> [WHAT IS REQUIRED] The full listing should be written out verbatim, and its images should be dropped.

> [PROVIDED MATERIAL]

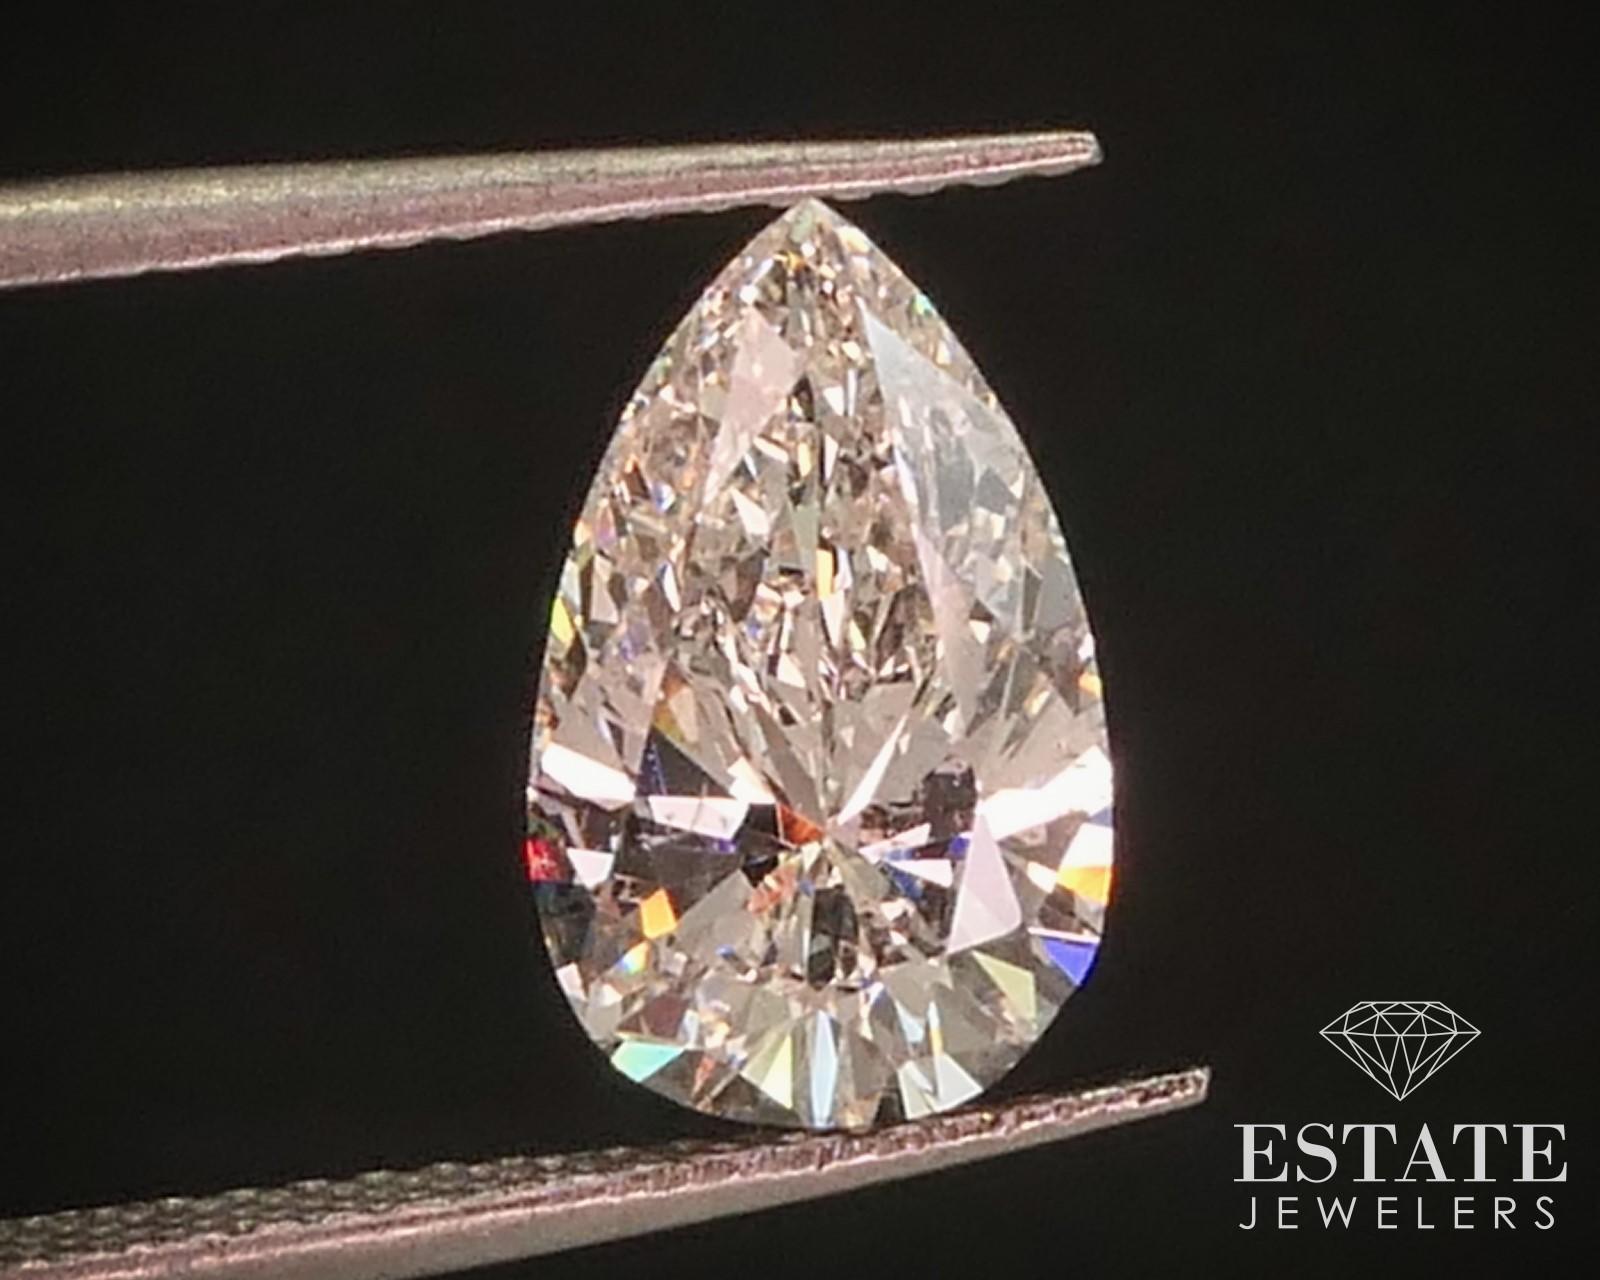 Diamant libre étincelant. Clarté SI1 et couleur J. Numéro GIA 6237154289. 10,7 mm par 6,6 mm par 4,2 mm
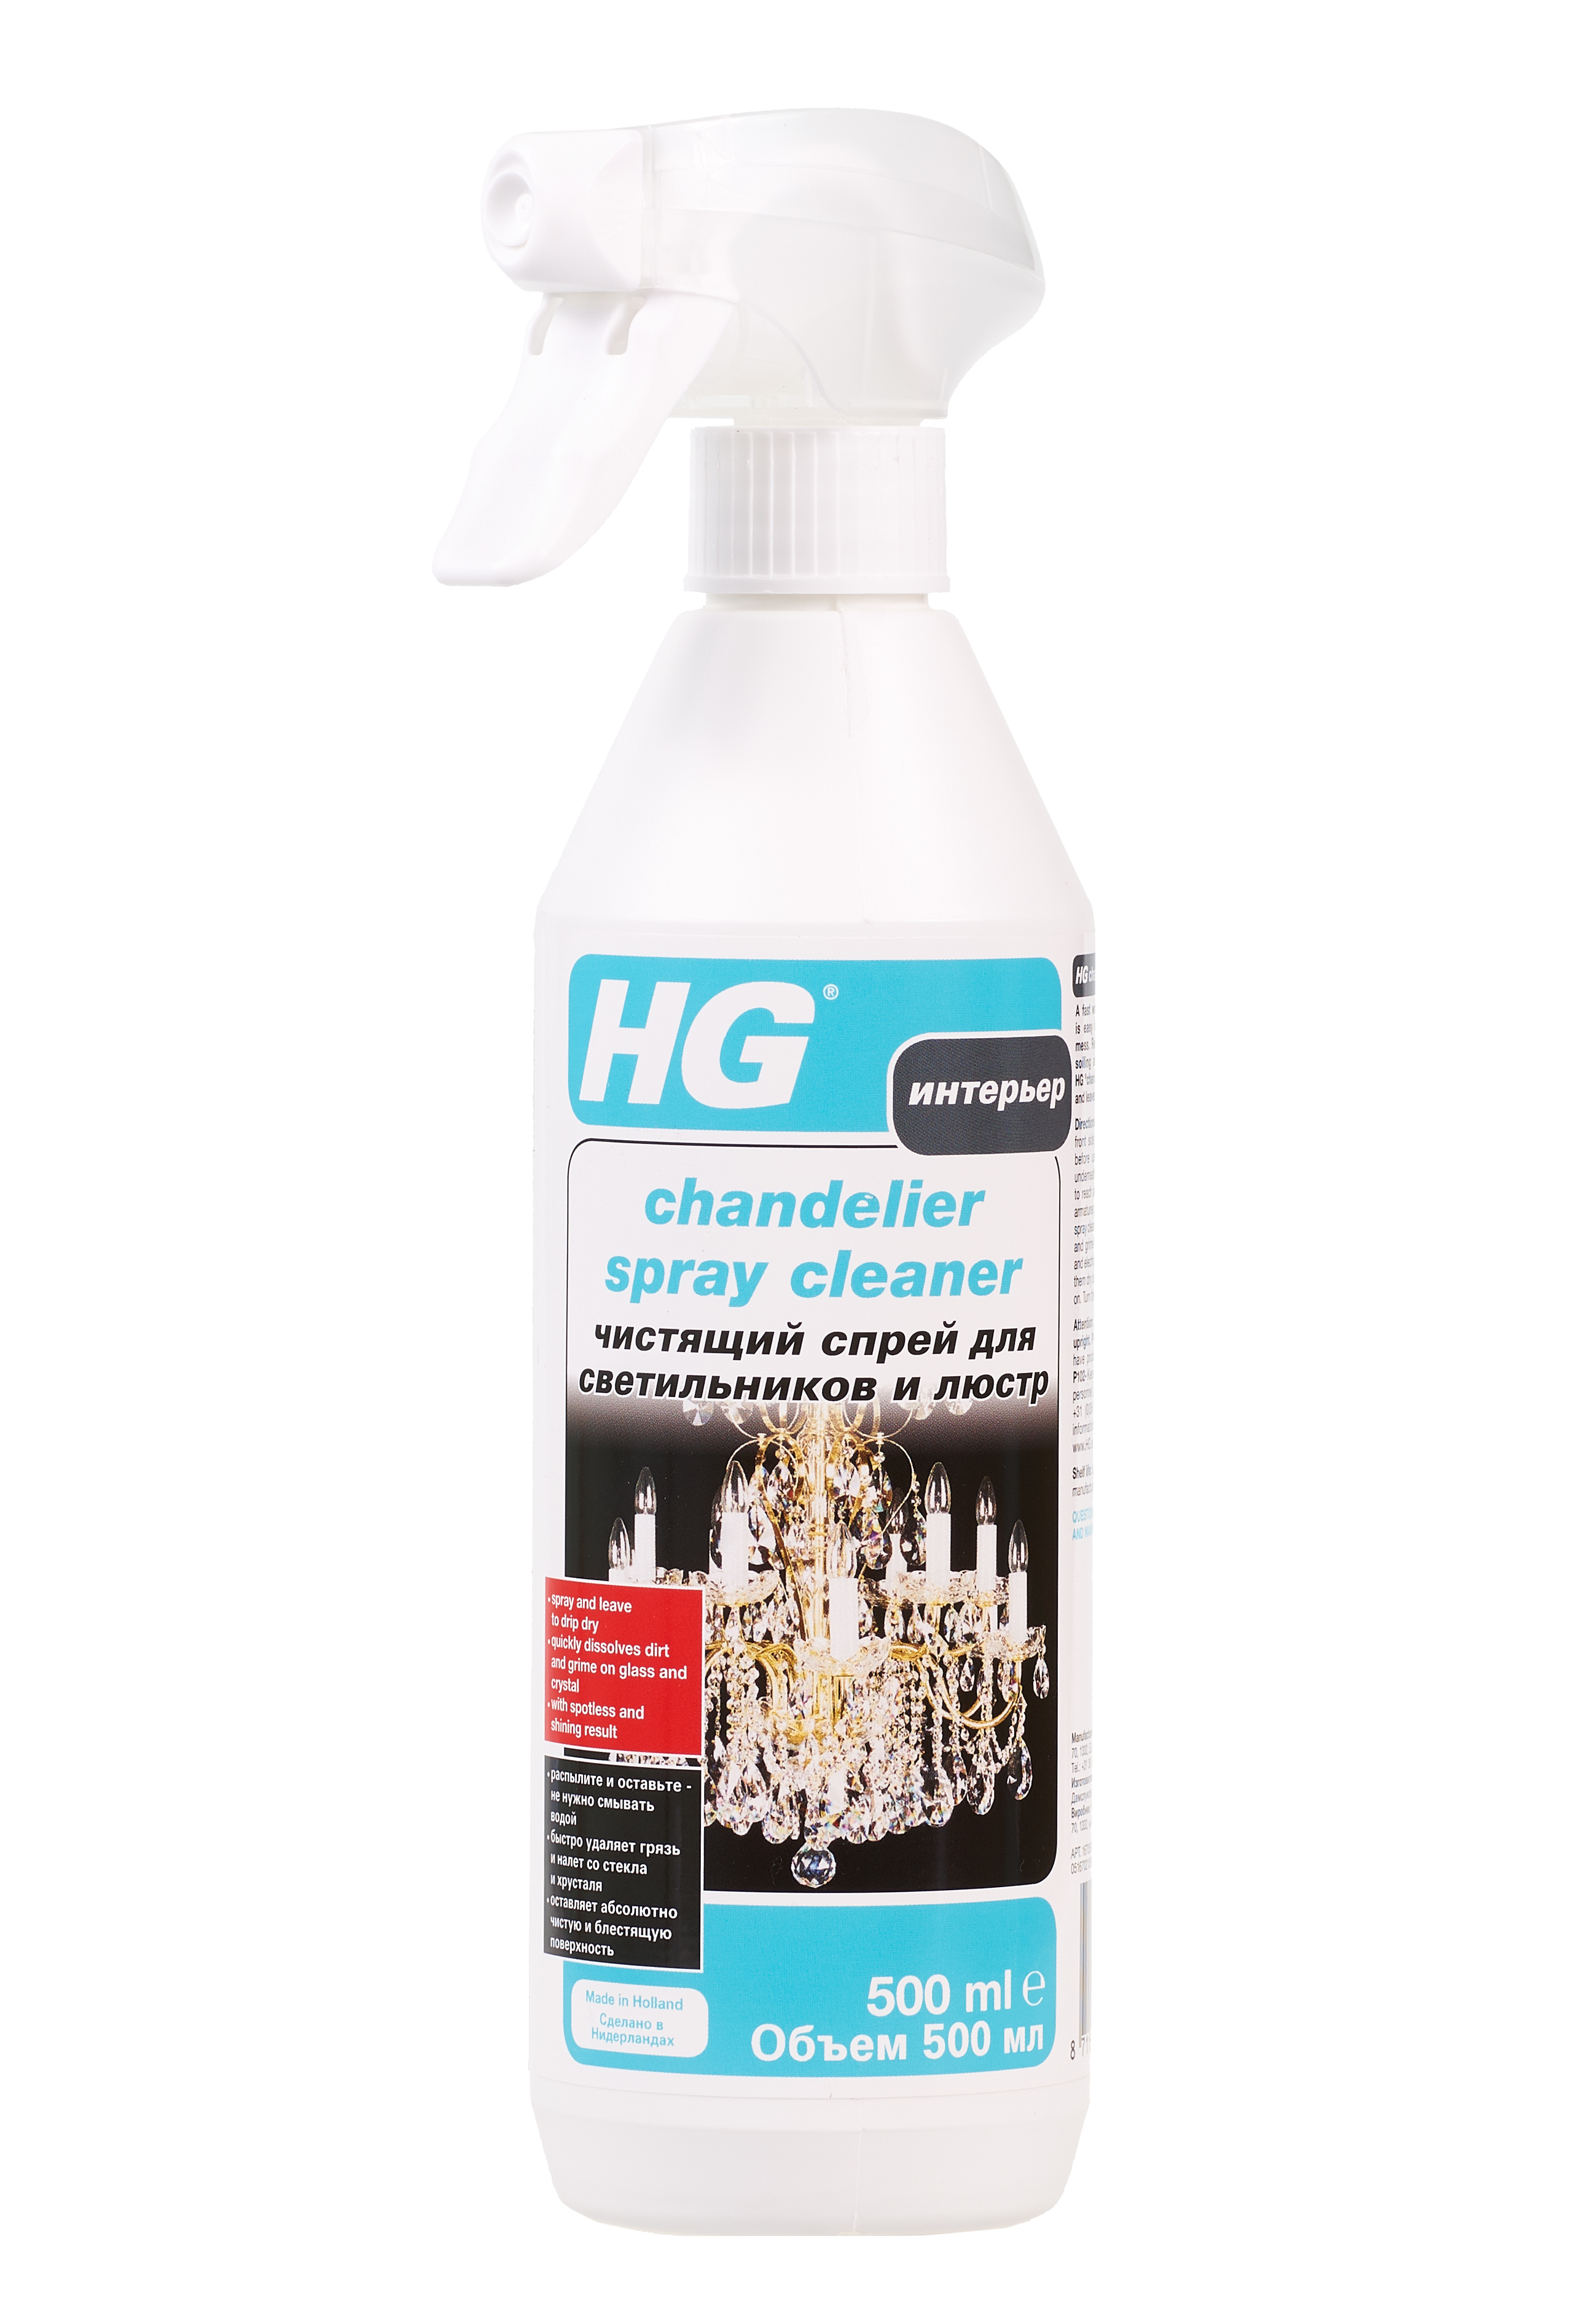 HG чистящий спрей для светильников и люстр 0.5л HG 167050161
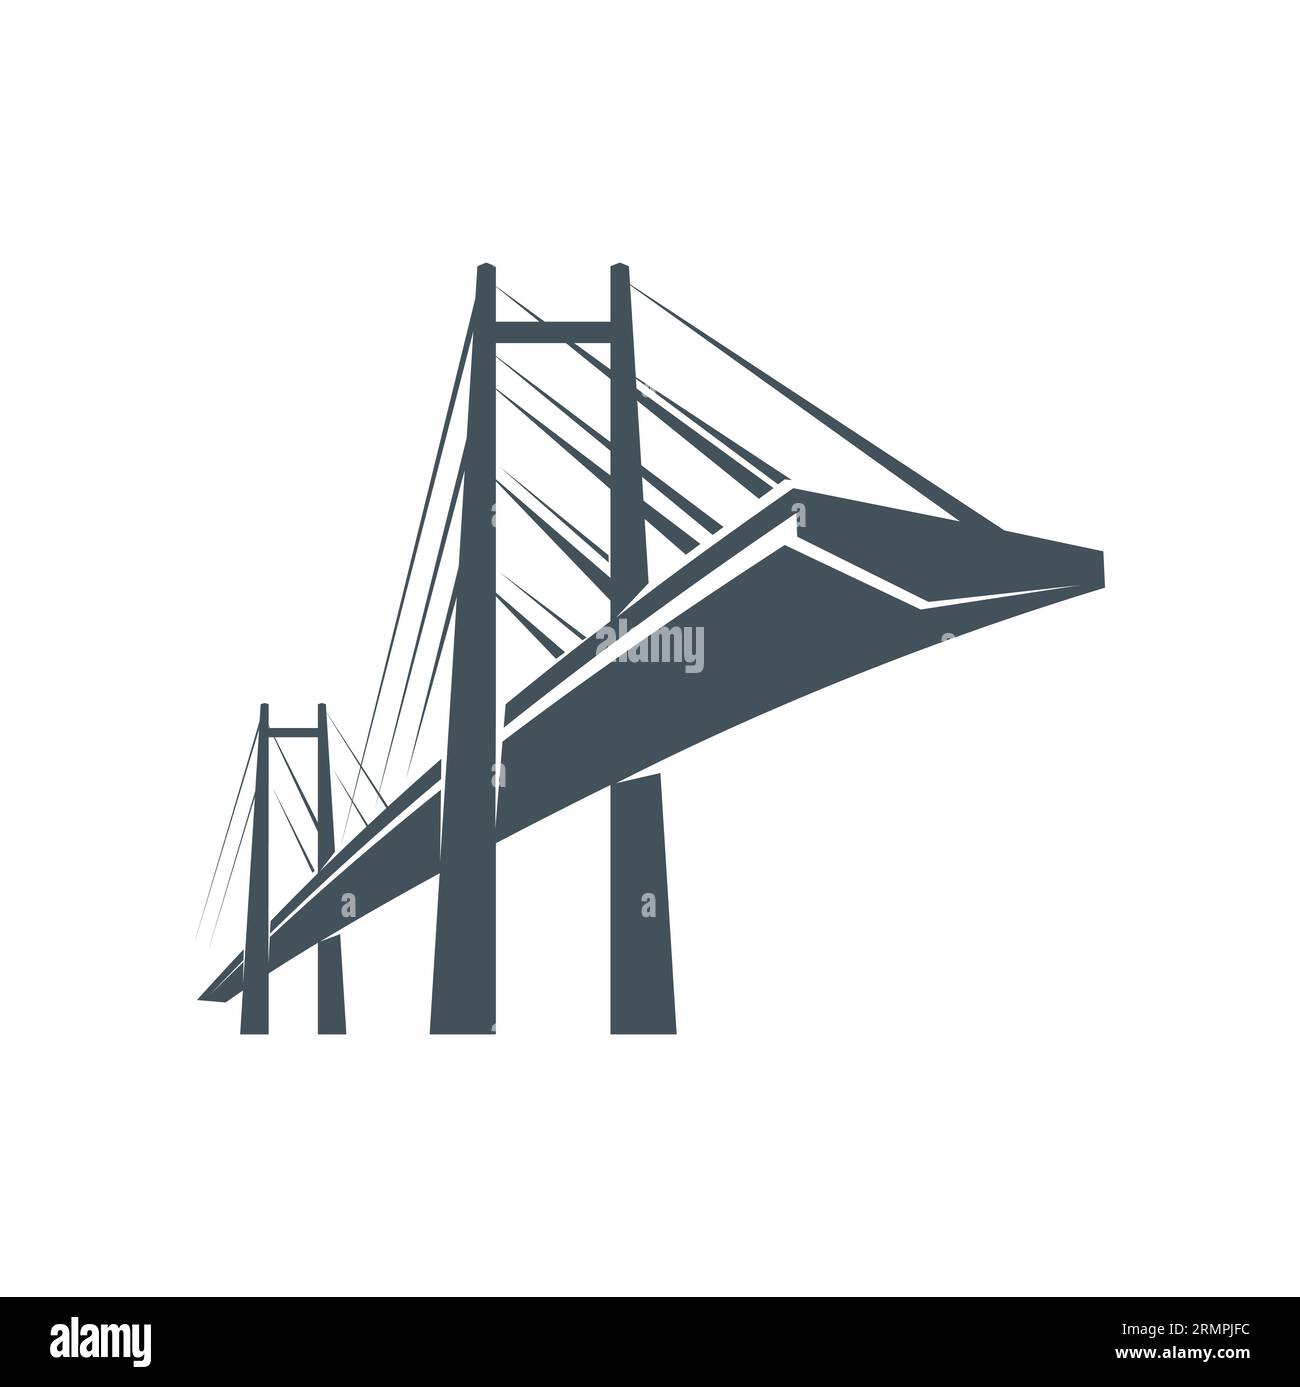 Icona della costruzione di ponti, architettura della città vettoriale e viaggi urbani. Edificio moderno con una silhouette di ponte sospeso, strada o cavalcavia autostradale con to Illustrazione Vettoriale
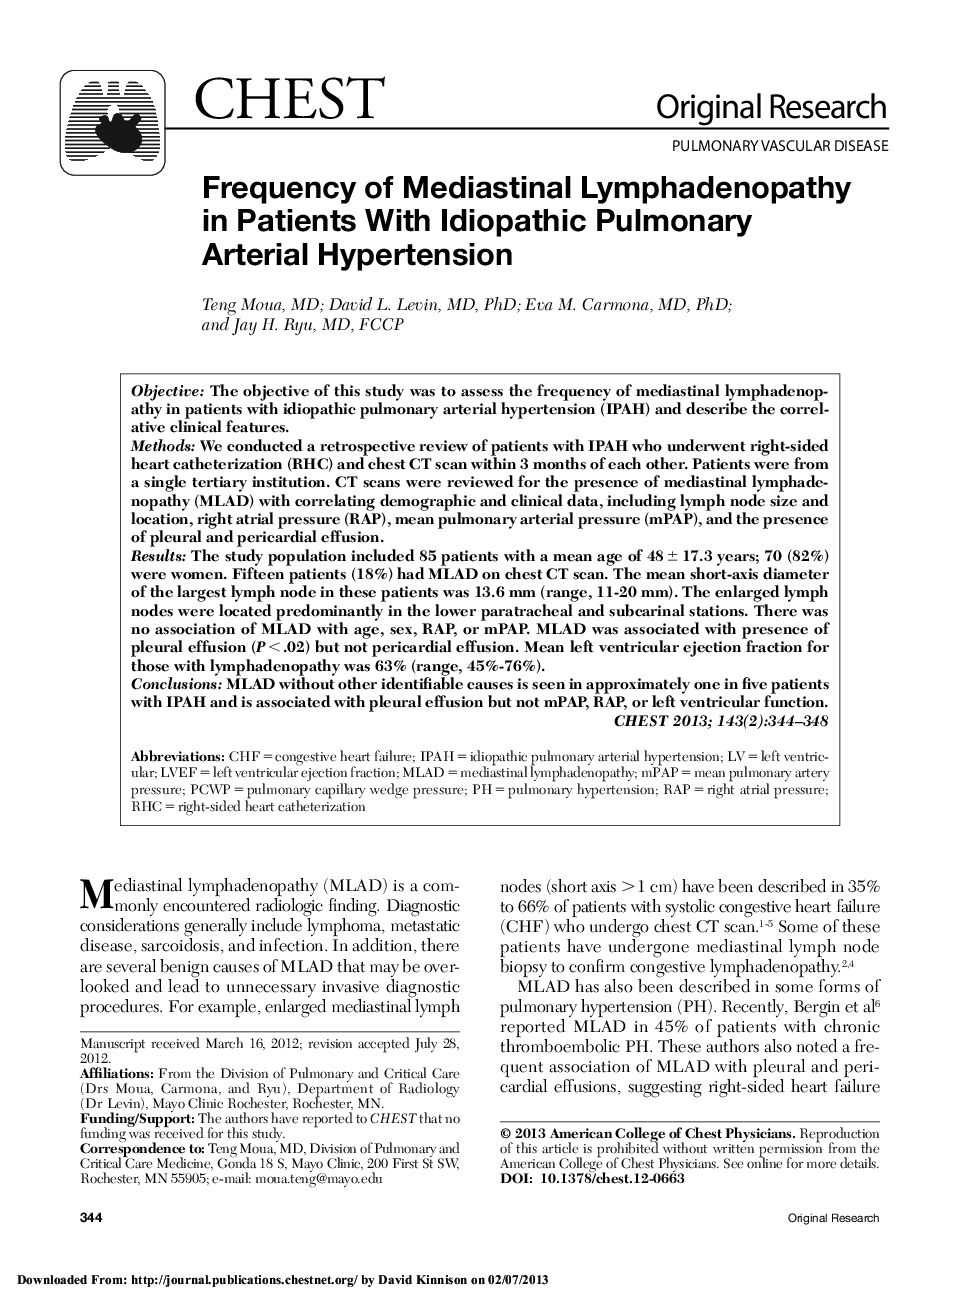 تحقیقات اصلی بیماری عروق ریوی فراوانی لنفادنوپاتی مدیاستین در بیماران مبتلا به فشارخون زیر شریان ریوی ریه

> [EXERCISE OUTPUT]
 Diamant libre étincelant. Clarté SI1 et couleur J. Numéro GIA 6237154289. 10,7 mm par 6,6 mm par 4,2 mm
 HG чистящий спрей для светильников и люстр 0.5л HG 167050161
 Icona della costruzione di ponti, architettura della città vettoriale e viaggi urbani. Edificio moderno con una silhouette di ponte sospeso, strada o cavalcavia autostradale con to Illustrazione Vettoriale
 تحقیقات اصلی بیماری عروق ریوی فراوانی لنفادنوپاتی مدیاستین در بیماران مبتلا به فشارخون زیر شریان ریوی ریه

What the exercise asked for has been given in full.